En comedia, un reconocimiento para The Kids Are All Right y Paul Giamatti, de lo poco destacable entre lo elegido este año por la prensa extranjera en Hollywood. Especialmente dañino fue la elección de The Tourist en cualquier categoría, como lo dejó claro Ricky Gervais al principio de la gala: “Parece que todo ha sido tridimensional este año, salvo los personajes de The Tourist“.
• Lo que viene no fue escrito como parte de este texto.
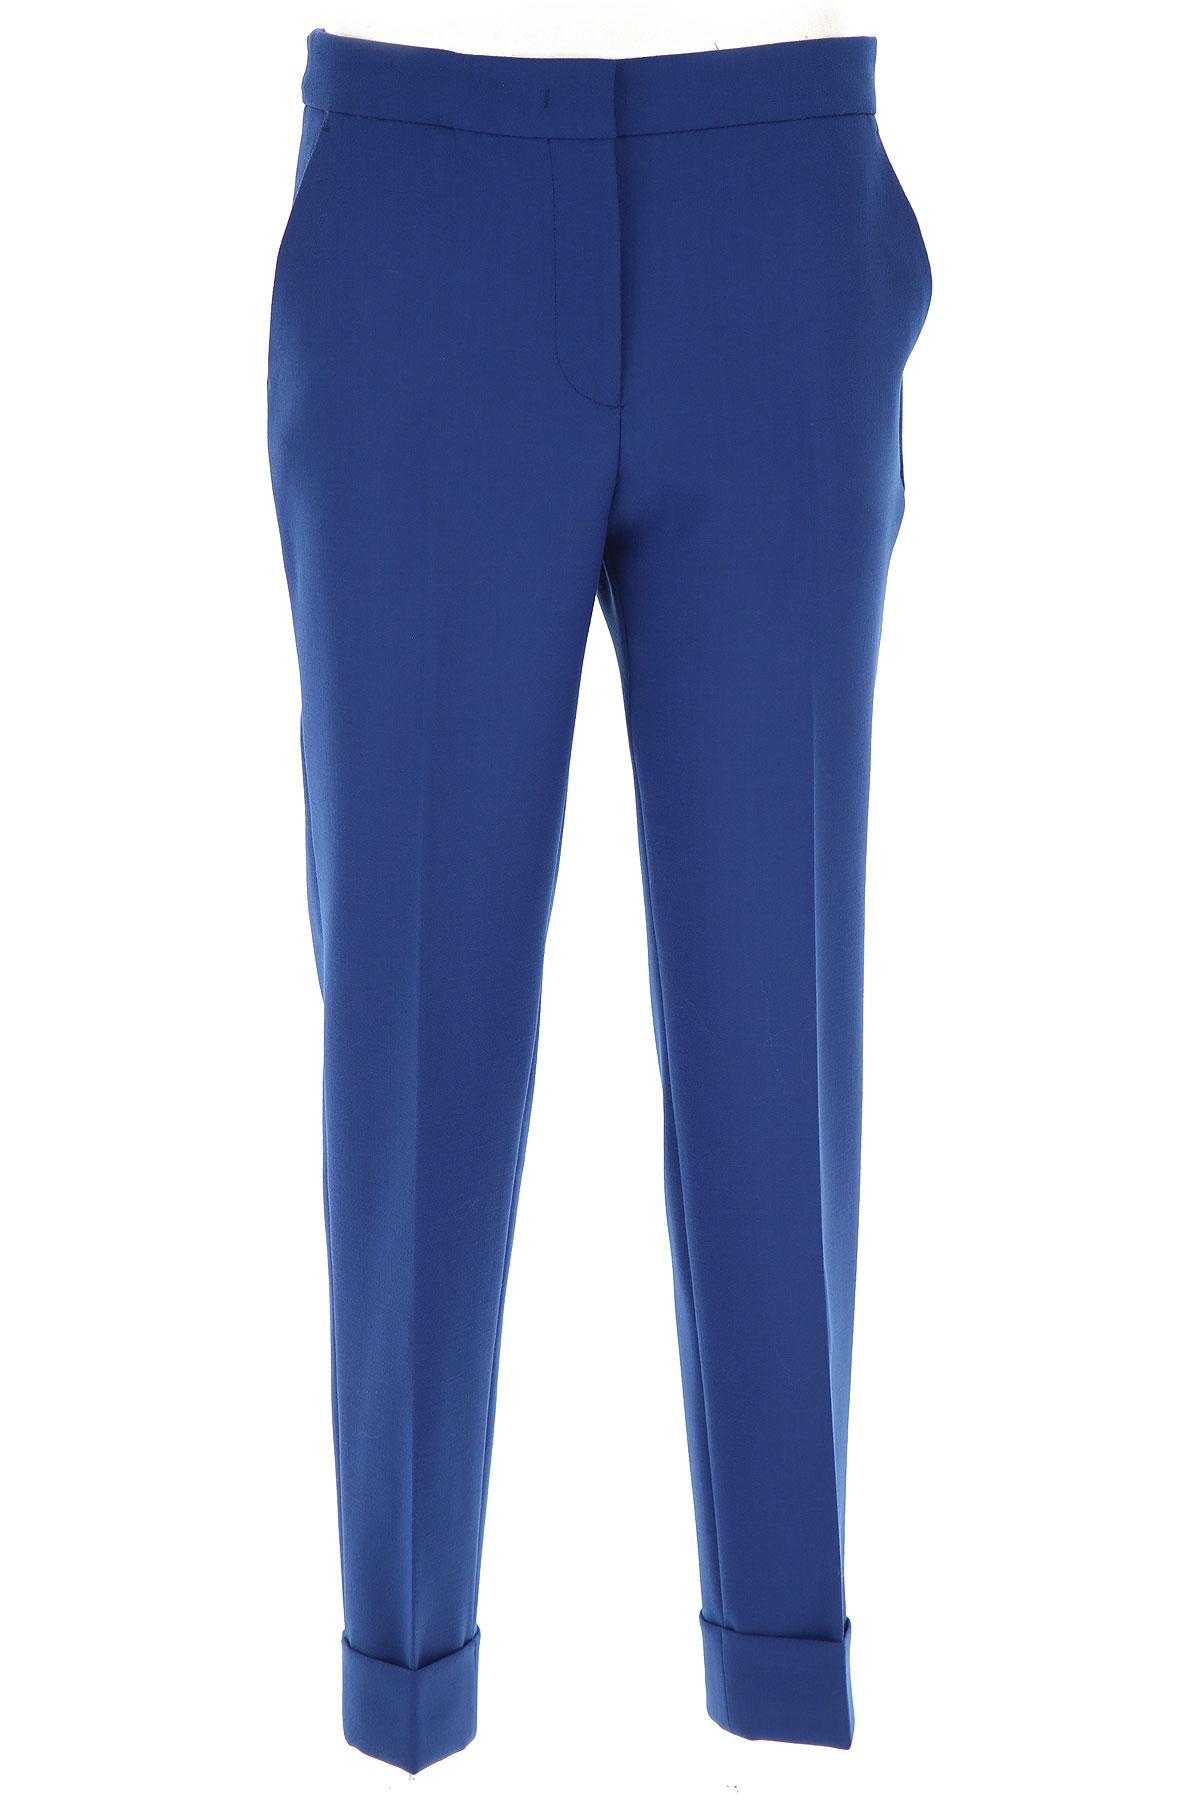 PT01 Pants for Women On Sale, Bluette, polyester, 2019, 26 28 30

Entre otras cosas, Gervais también hizo menciones irónicas a Charlie Sheen, Mel Gibson o la cienciología (facilonas todas éstas); y a Burlesque (Justificando los sobornos a los votantes: “Se llevaron a algunos a ver a Cher en concierto, ¿Cómo puede clasificar eso de soborno?, ¿Quieres ir a ver a Cher? No ¿Por qué? porque no es 1975“), Hugh Hefner, Bruce Willis, Tim Allen o el presidente de la asociación de Periodistas Extranjeros. Su monólogo hizo callar la hipocresía hollywoodiense y romper la burbuja de buen rollo de algunos en la sala, pero también dio al evento un poco de vida, saltando de su conservadurismo habitual para alegrar una ceremonia bastante predecible, y narrar lo que muchos pensábamos. En el centro de la ceremonia casi parecía haber desaparecido, y nos extrañaría que lo volvieran a contratar, pero nos hizo reír de lo lindo. Hablaremos más de los prolegomenos de la gala y la astucia de Gervais (todo un genio de la pequeña pantalla, para el que no haya visto sus tremendas Extras y The Office) en Telelocura, donde analizaremos la parte más televisiva, donde precisamente aparecen nombres muy cinematográficos. De momento, os podéis conformar con su apertura:

Robert de Niro, recogiendo su premio honorífico, tampoco estuvo nada mal, riéndose de sí mismo y sus fracasados proyectos, como precisamente hizo en Extras; e incluso de Javier Bardem, desaparecido de la gala y sin nada que traerse a España:

Gracias a Dios por hacerme ateo“, Ricky Gervais cerrando la sala y satirizando los habituales agradecimientos religiosos tan anacrónicos.